Johanna Farber’s Instagram

Beyond the egregious issue above, Lead Semis was the real mess of the weekend. First, keepers on the draws had a tendency to stick, resulting in multiple delays as organizers aided up to return them to the proper facing-down orientation, on both the men’s and women’s routes.

If your draw’s orientation lasts more than 4 hours, contact a routesetter

Speaking of problematic cameramen, there seemed to be a persistent problem with attempts to “get the shot” without proper deference to the athlete’s “bubble”. Check out Adam swatting away an overzealous videographer as he prepares to pull on.

As the poet Ludacris says, “Move ……. Get out the way”

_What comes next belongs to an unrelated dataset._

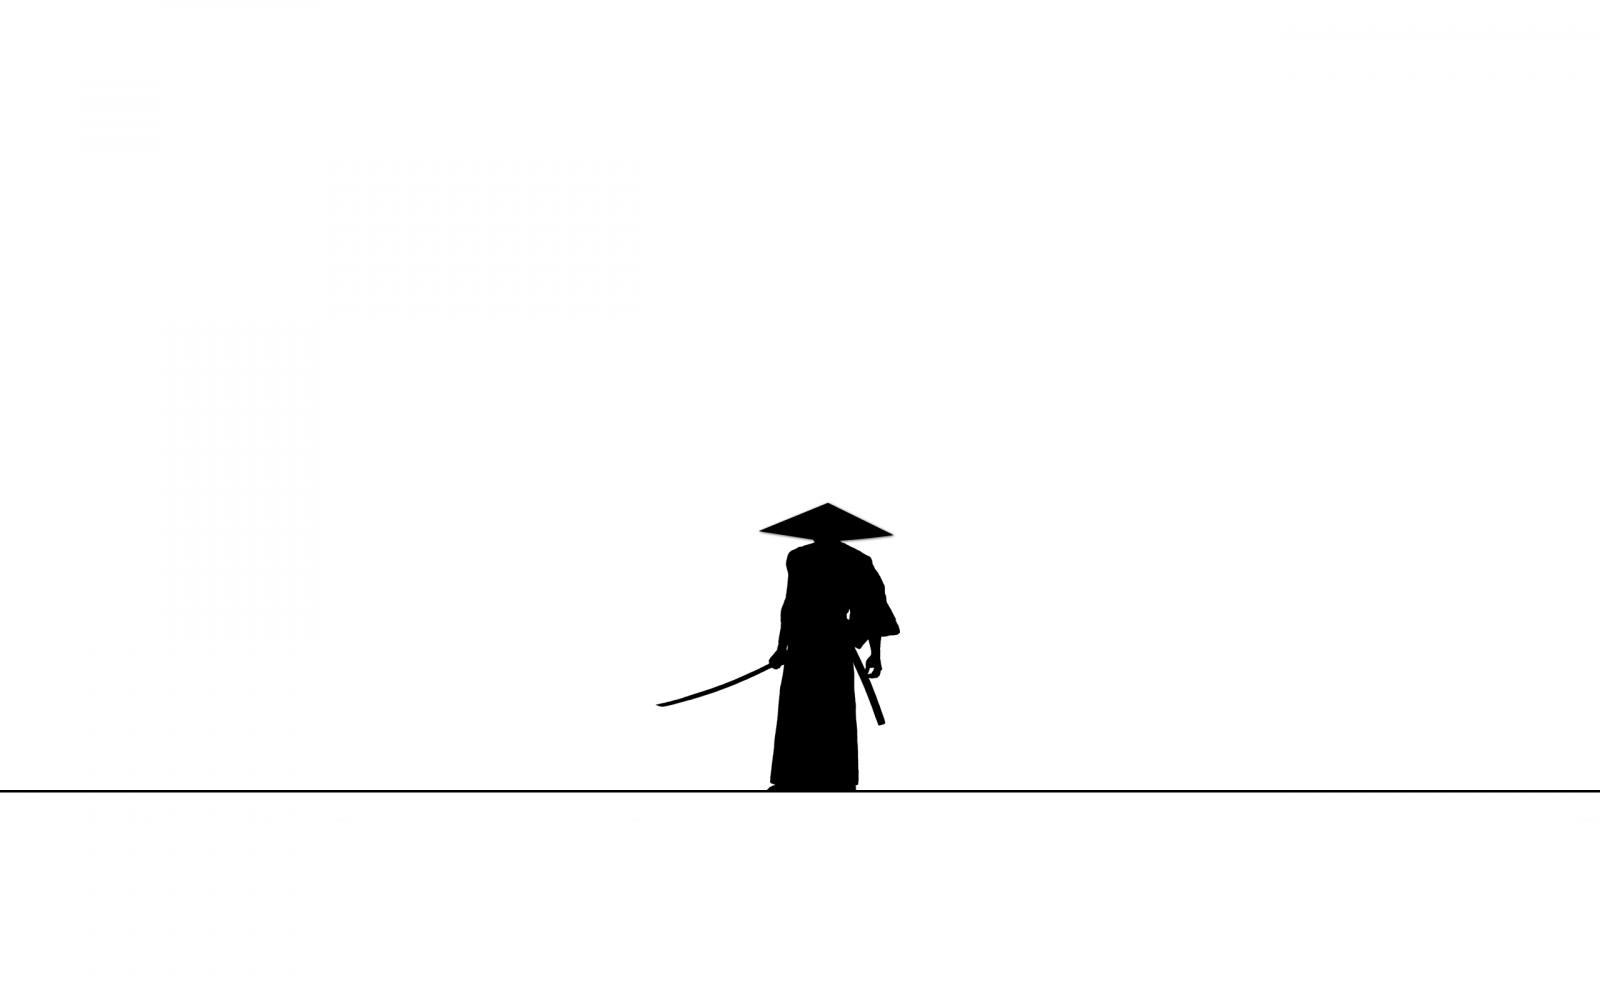 Wallpaper : samurai, minimalism, silhouette, simple ...

Not to be outdone, just minutes later as Janja made her preparations, the videographer go close enough to feel the wrath of her double uppercut. Luckily for him she held back.

The Bittersweet

There were a few athletes that made both lead and bouldering finals. Ok, two. Two very special athletes, the dominant Janja, and the timeless Akiyo. Akiyo Noguchi has been on the scene as long as I’ve been watching IFSC competitions, starting off in 2007, and after such a long career announced she was retiring from climbing comps after the Olympics. As this was the last Bouldering World Cup before the games, that means this was her last ride. Its really a shame the women’s bouldering final was stopped during her attempt on W4 – she was making great progress and may have been able to podium on more time. Akiyo’s career was something special to watch for me, as her climbing IQ was off the charts (using holds from another boulder? Lets GO!), her flexibility, as was her raw talent – check out this highlight reel by THE Udo Neumann. Still don’t believe me, check the stats:

  • 58 WC Bouldering Event podiums (21 gold!)
  • 12 WC Bouldering Series Podiums (5 gold!)
  • 5 WCh Bouldering podiums
  • 7 WC Combined Series podiums (3 gold!)
  • 9 WC Lead Event podiums
  • 1 each WCh Lead and Combined podium

It’s been such a pleasure to watch her career, and we at Crank wish her the very best both at the Olympics, and whatever lies beyond. Without the hectic training, travel, and competition schedule, we’re sure she’s going to continue to achieve great things.

Thank you Akiyo, for all the inspiration!